Alternative self_attn_mask

Drastically lower memory use, different effect, for testing
2026-05-31 03:17:23 +08:00 · 2026-05-06 16:34:01 +03:00 · 2026-05-06 16:34:01 +03:00 · e6e3e6f628
commit e6e3e6f628
parent 9c34f5f36a
1 changed files with 4 additions and 7 deletions
--- a/comfy/ldm/lightricks/model.py
+++ b/comfy/ldm/lightricks/model.py
@ -1252,24 +1252,21 @@ class LTXVModel(LTXBaseModel):
            dtype: Target dtype.

        Returns:
-            (1, 1, total_tokens, total_tokens) additive bias mask.
+            (1, 1, 1, total_tokens) additive bias mask. Broadcasts across queries
+            inside attention, dropping the persistent allocation from O(T²) to O(T).
            0.0 = full attention, negative = attenuated, finfo.min = effectively fully masked.
        """
        finfo = torch.finfo(dtype)
-        mask = torch.zeros((1, 1, total_tokens, total_tokens), device=device, dtype=dtype)
+        mask = torch.zeros((1, 1, 1, total_tokens), device=device, dtype=dtype)
        tracked_end = guide_start + tracked_count

-        # Convert weights to log-space bias
        w = tracked_weights.to(device=device, dtype=dtype)  # (1, tracked_count)
        log_w = torch.full_like(w, finfo.min)
        positive_mask = w > 0
        if positive_mask.any():
            log_w[positive_mask] = torch.log(w[positive_mask].clamp(min=finfo.tiny))

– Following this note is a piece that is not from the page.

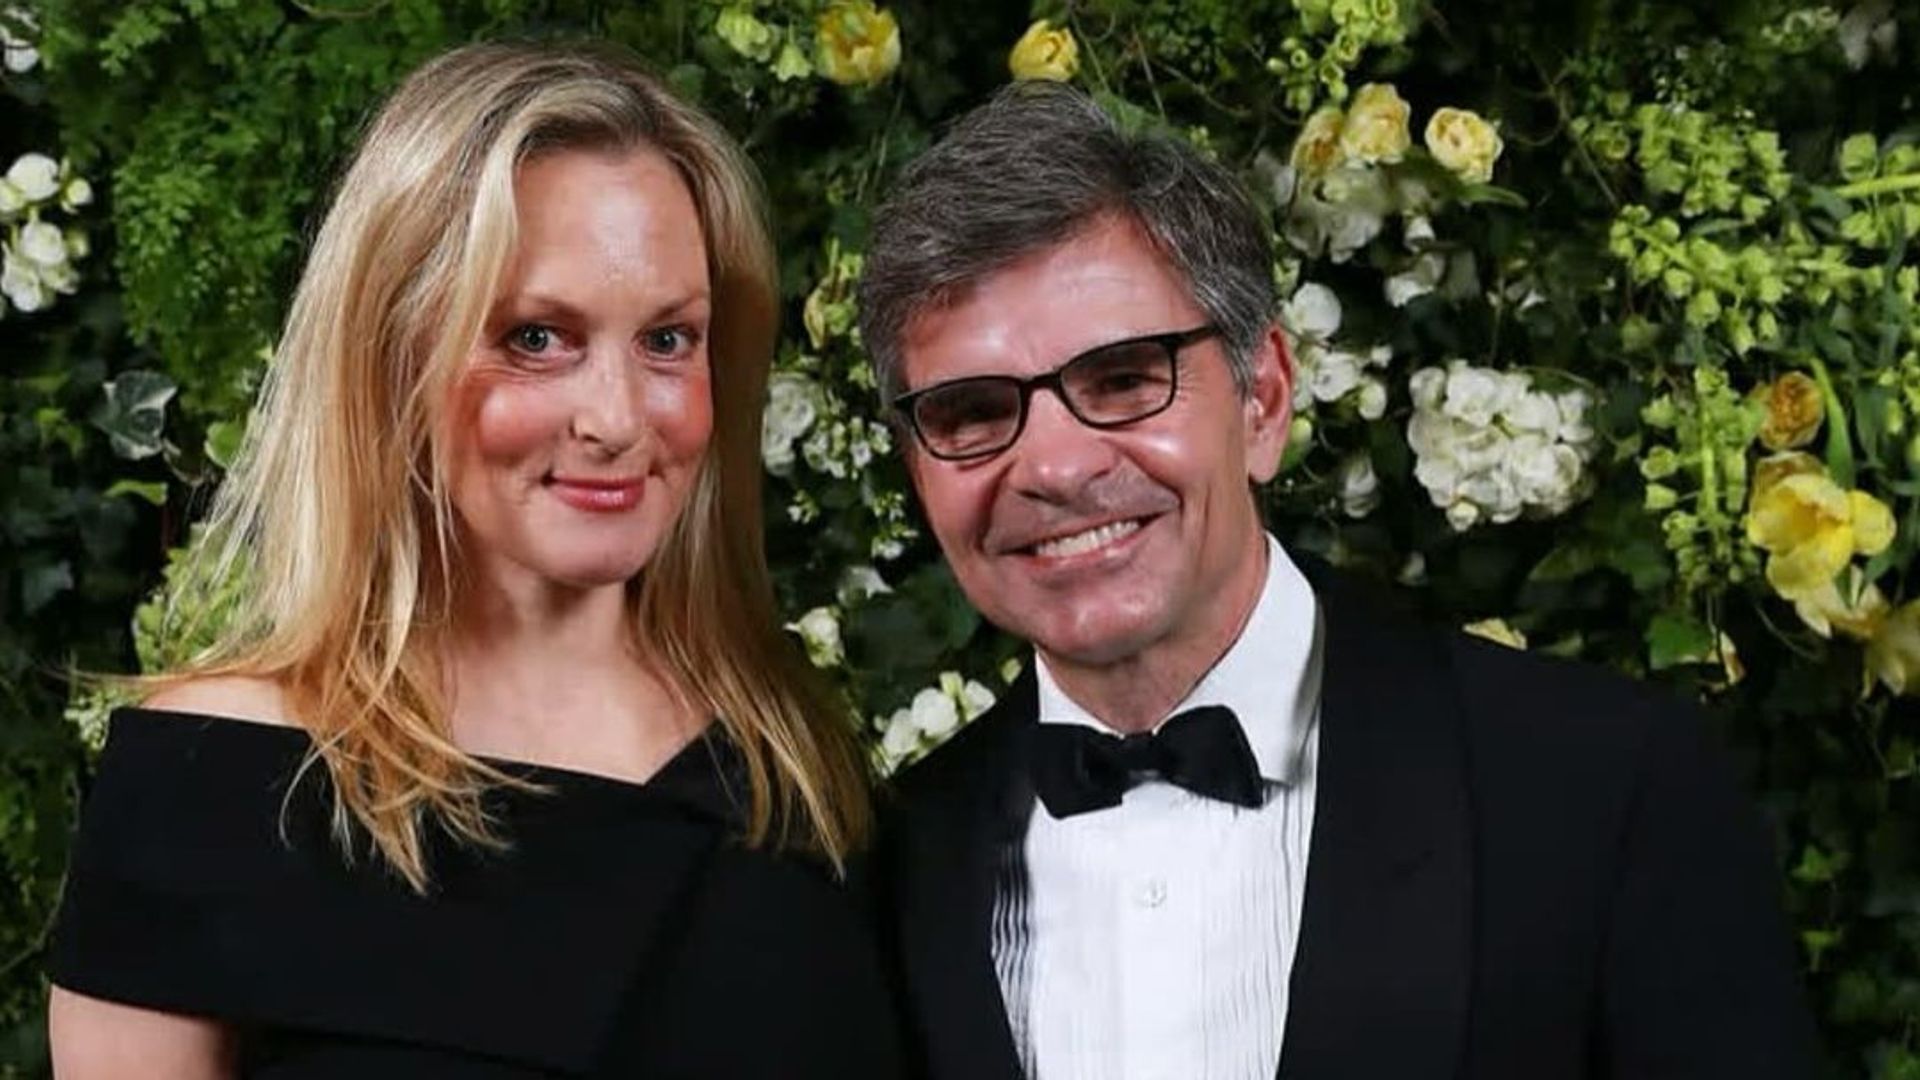 GMA's George Stephanopoulos makes wife Ali Wentworth 'jealous' during beach trip for this unexpected reason

-        # noisy → tracked guides: each noisy row gets the same per-guide weight
-        mask[:, :, :guide_start, guide_start:tracked_end] = log_w.view(1, 1, 1, -1)
-        # tracked guides → noisy: each guide row broadcasts its weight across noisy cols
-        mask[:, :, guide_start:tracked_end, :guide_start] = log_w.view(1, 1, -1, 1)
+        mask[:, :, :, guide_start:tracked_end] = log_w.view(1, 1, 1, -1)

        return mask